§ EXERCISE DIRECTIONS: Once you find the line with "Zoomtopia event website" in the listing below, set down exactly every line from it through the line with "Los cables abandonados", but no pictures.

§ RECORDS FOR THIS EXERCISE:
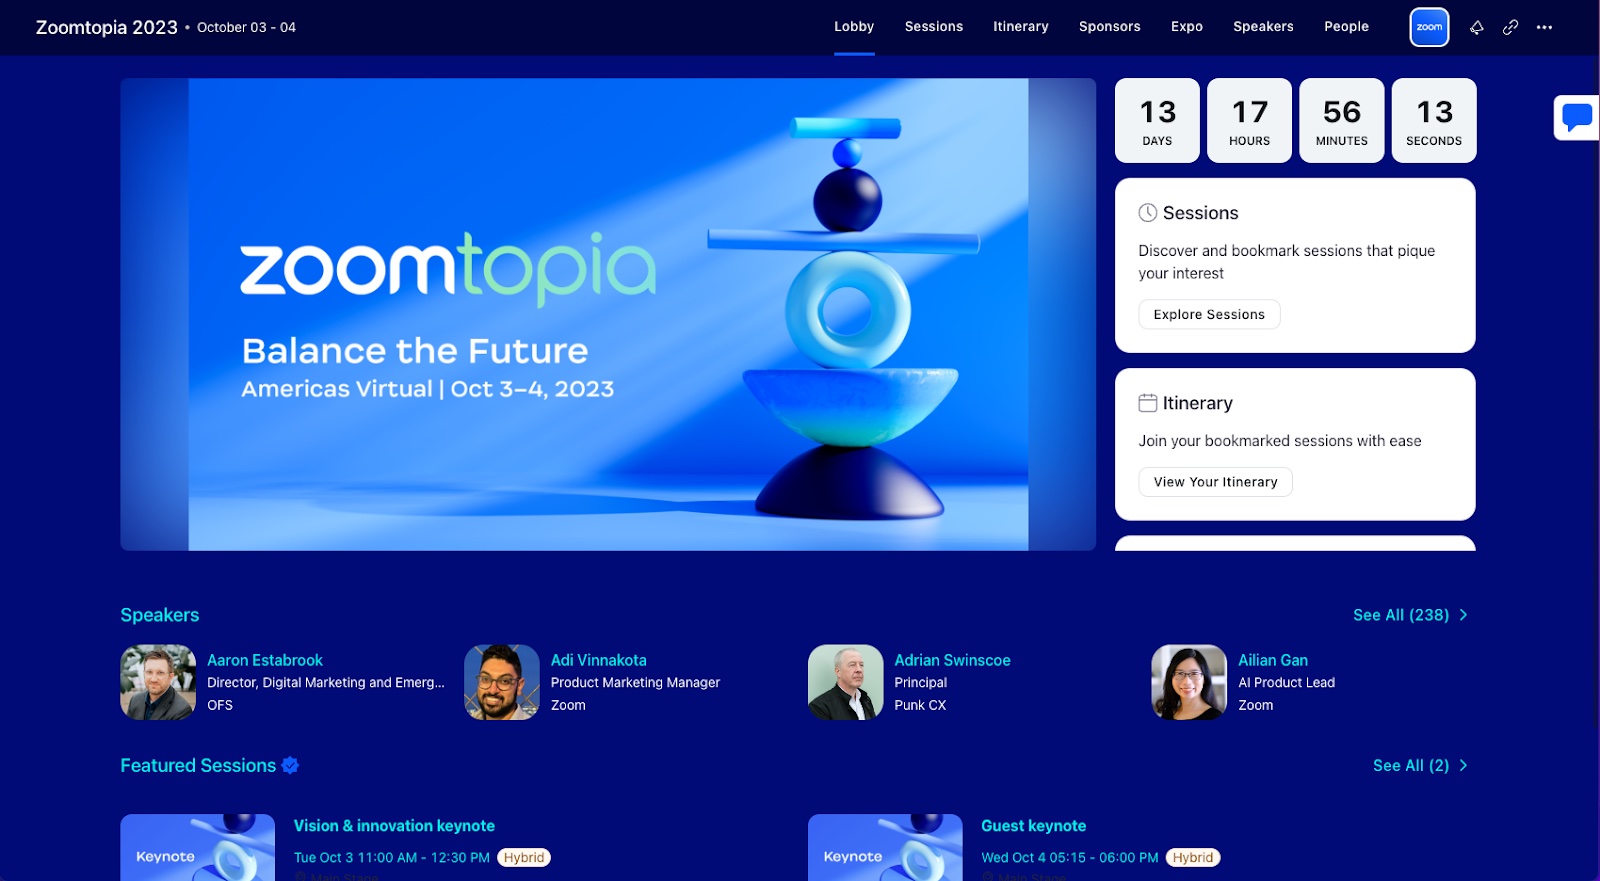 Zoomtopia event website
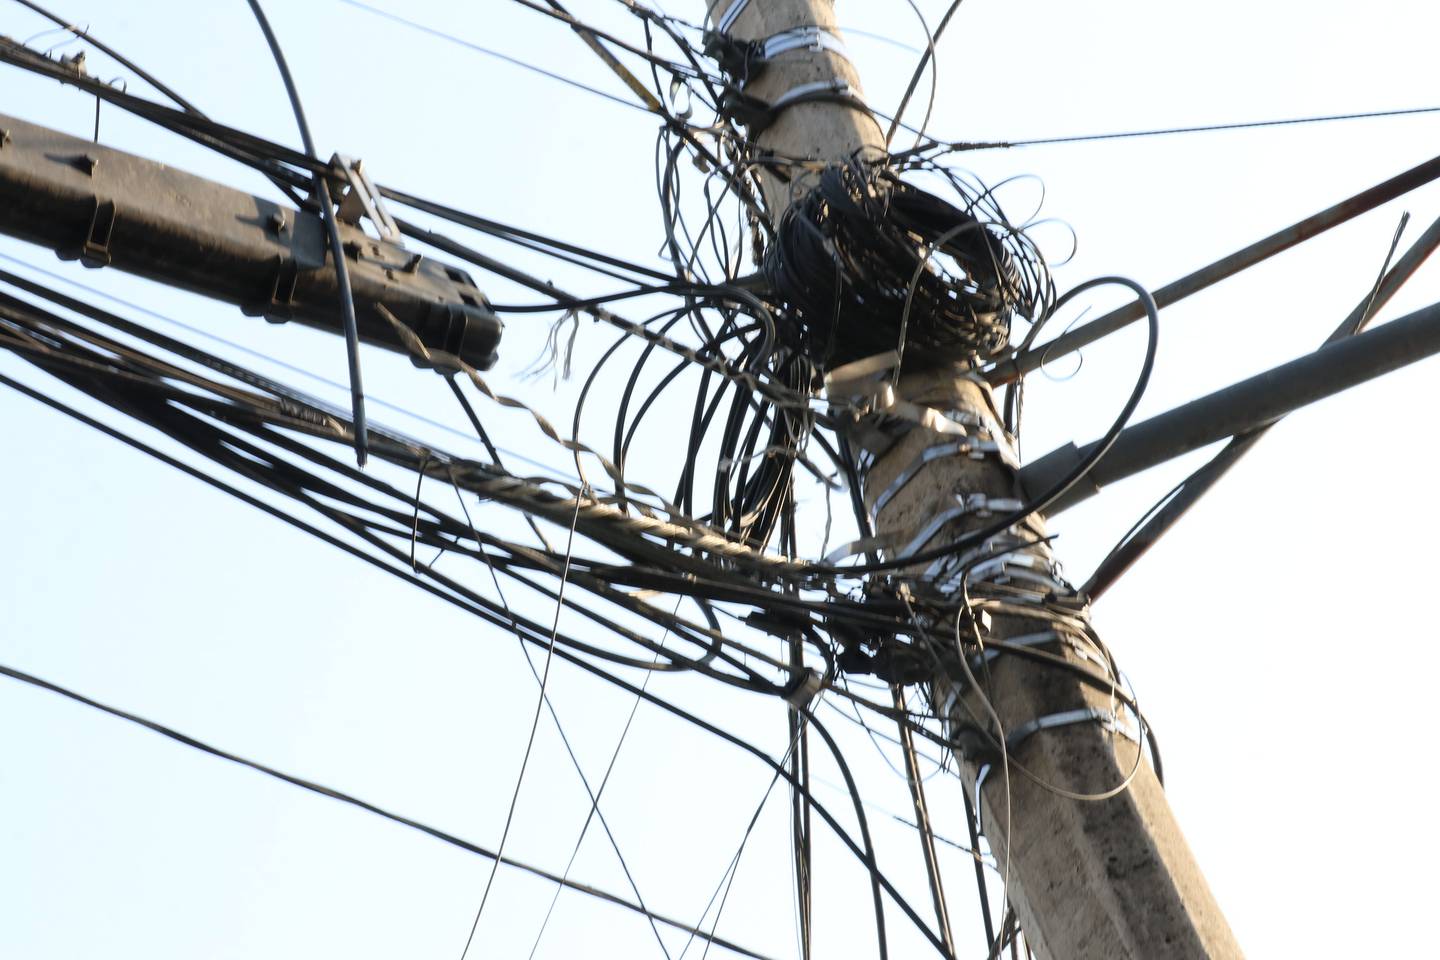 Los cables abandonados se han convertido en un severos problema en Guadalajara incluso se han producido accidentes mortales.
* * *
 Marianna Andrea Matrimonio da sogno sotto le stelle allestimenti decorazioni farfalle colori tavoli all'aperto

§ ANSWER AREA:
 Zoomtopia event website
 Los cables abandonados se han convertido en un severos problema en Guadalajara incluso se han producido accidentes mortales.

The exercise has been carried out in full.